At first it was easy. I was a lawyer. He was an engineer. We made roughly the same salary. But then I decided to temporarily move to Colorado to help run a CBD legalization campaign.
I took a pay cut because it was exhilarating to be a part of history. But exhilaration doesn’t pay two rents. That’s when we started using budgeting software — though you can opt for any program you wish, the HerMoney fan favorite is YouNeedABudget (YNAB).
Before I left for Colorado, we spent an afternoon on our budget, setting up allowances for each of our fixed monthly expenses and figuring out how much we could each spend on discretionary expenses. We realized we could make our budget realistic if we factored in some flexibility for random things we buy when we’re stressed, having fun, or just willing to pay for convenience that day — one small “amusement” category for each of us.

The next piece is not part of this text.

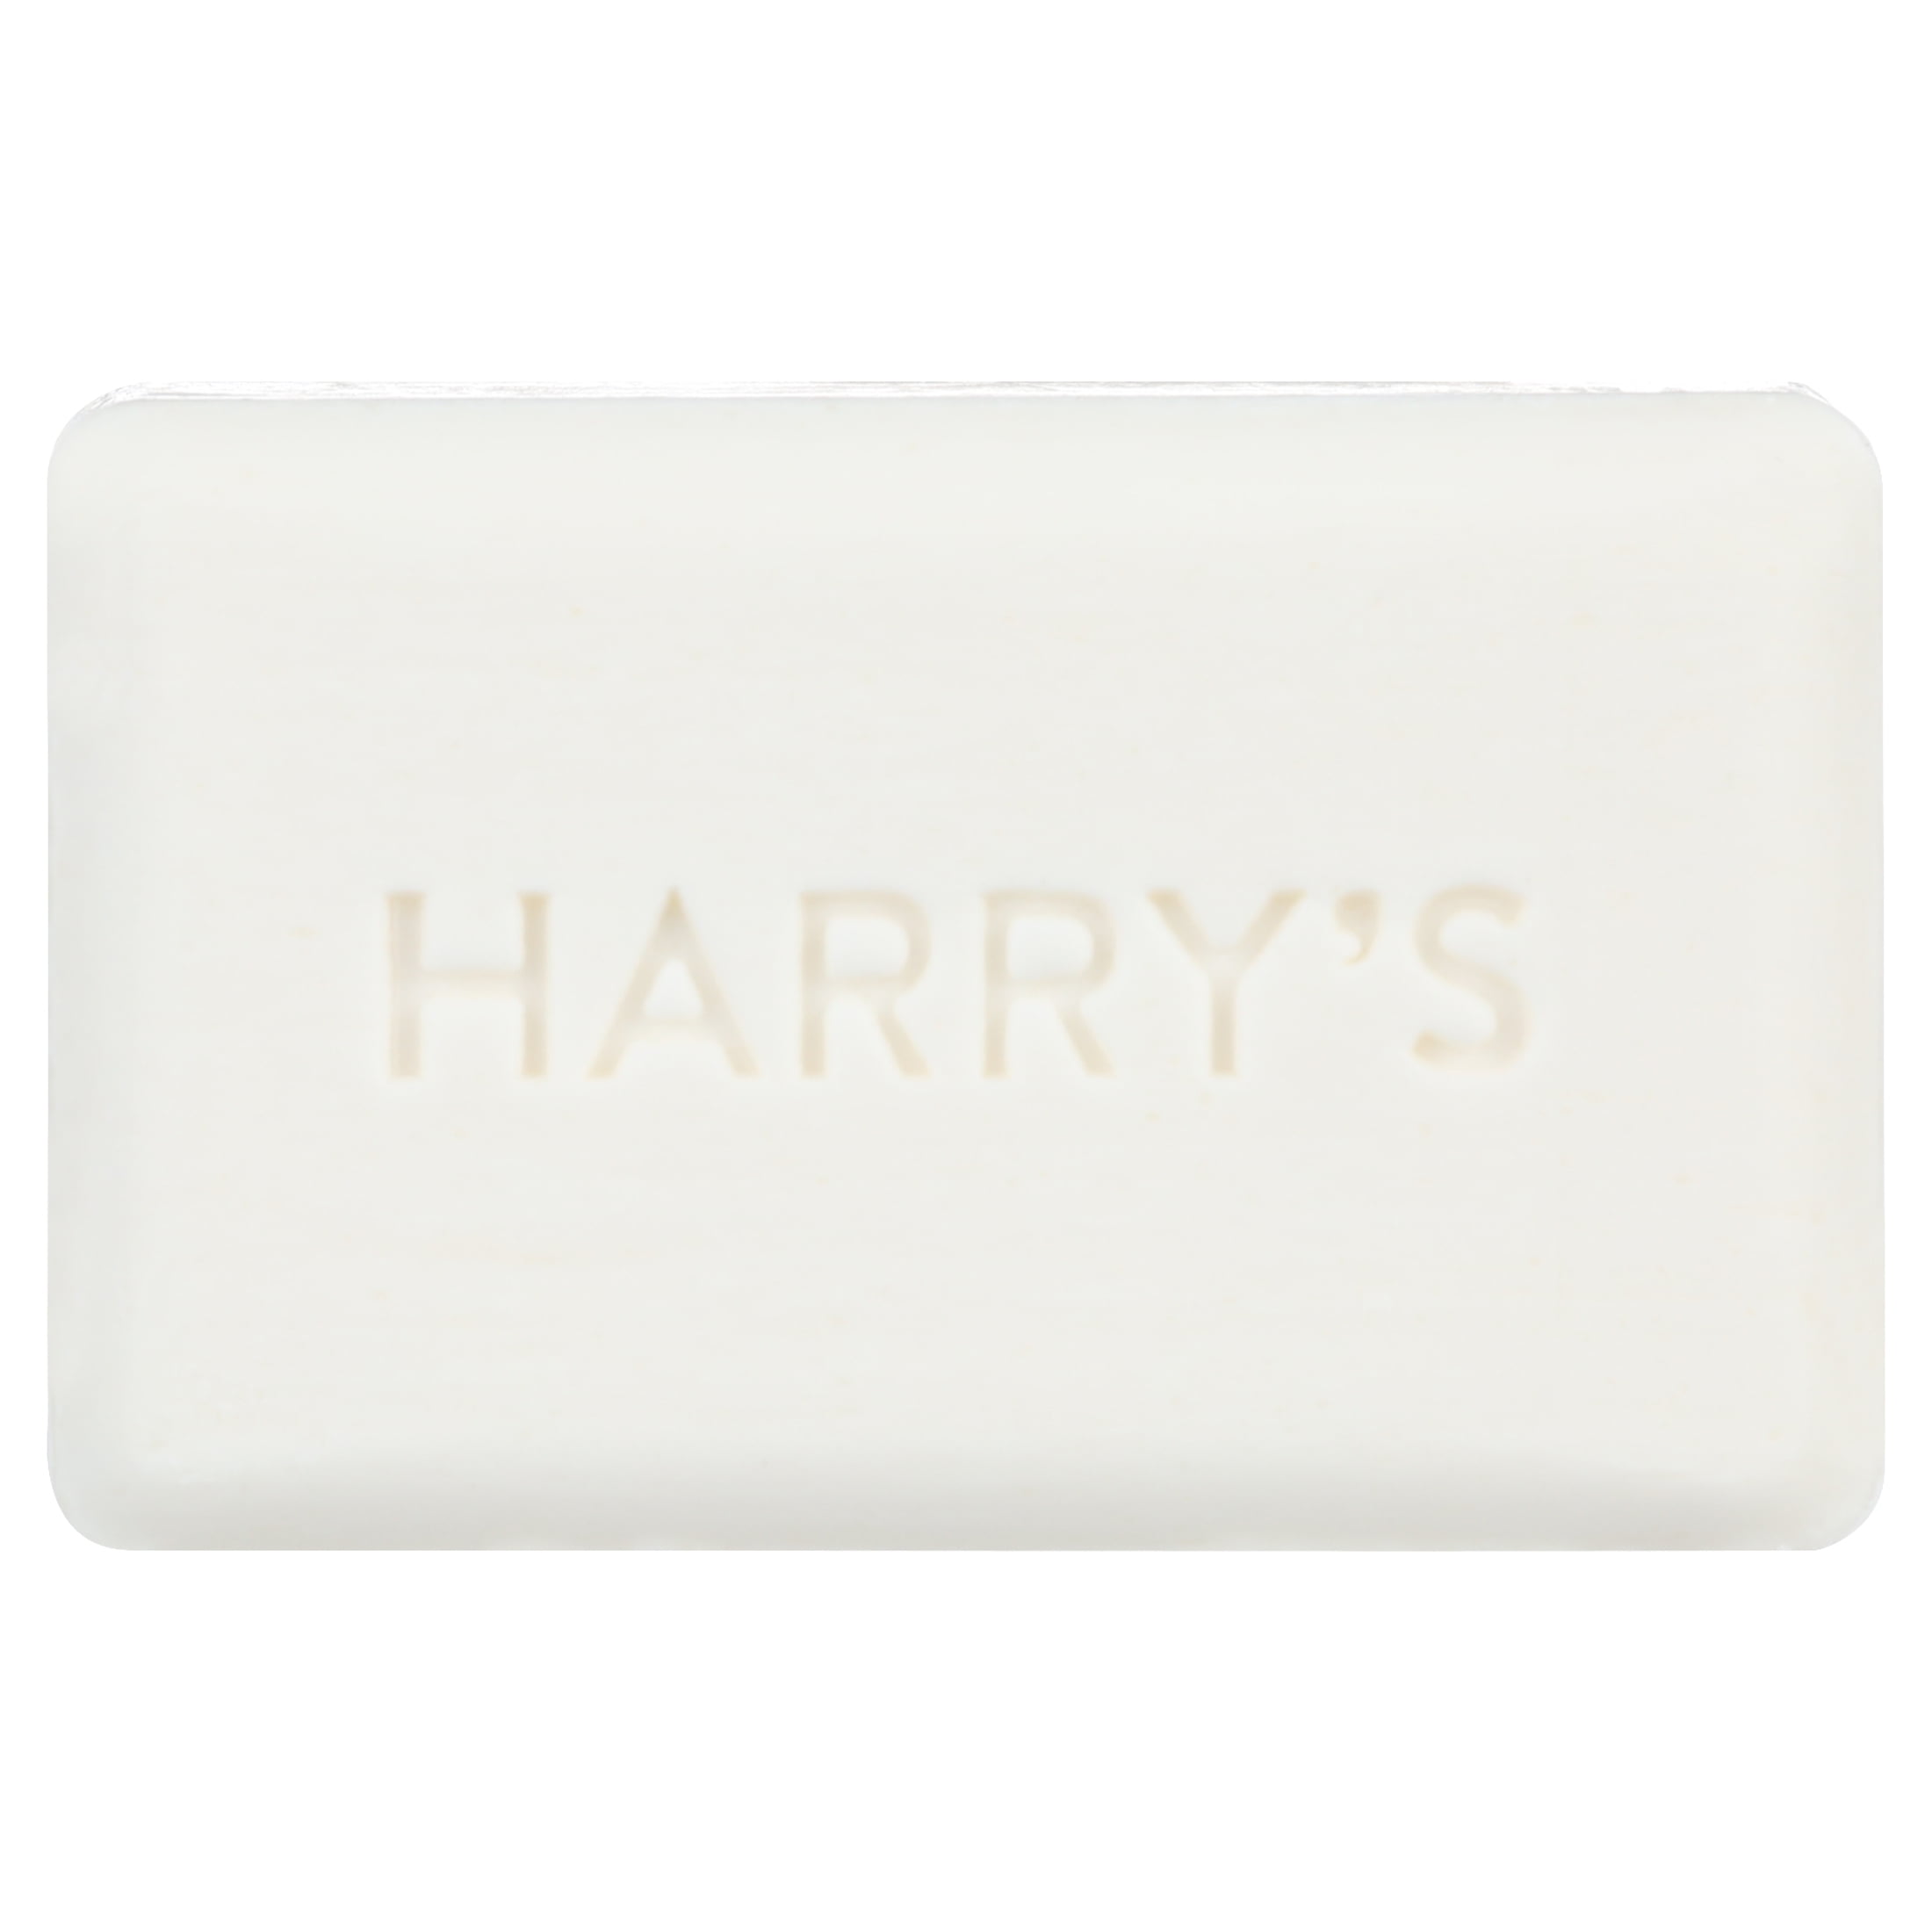 HARRY'S Shiso Bar Soap (3-PACK) 5 oz Fresh Herbs (New)

Mostly, we both used our amusement budgets for $3 coffees. Especially while living so frugally, it felt good and rebellious to spend some guilt-free cash breaking the advice of every talk show financial adviser.
Pregnancy, Complications and One Salary
When I returned home to Boston, it was a special occasion when we updated our budgeting software to reflect just one rent expense and two professional-level salaries. That was the plan, anyway, until later that winter when I found out I was pregnant — and a condition called hyperemesis gravidarum (a technical term for unrelenting vomiting) took over me.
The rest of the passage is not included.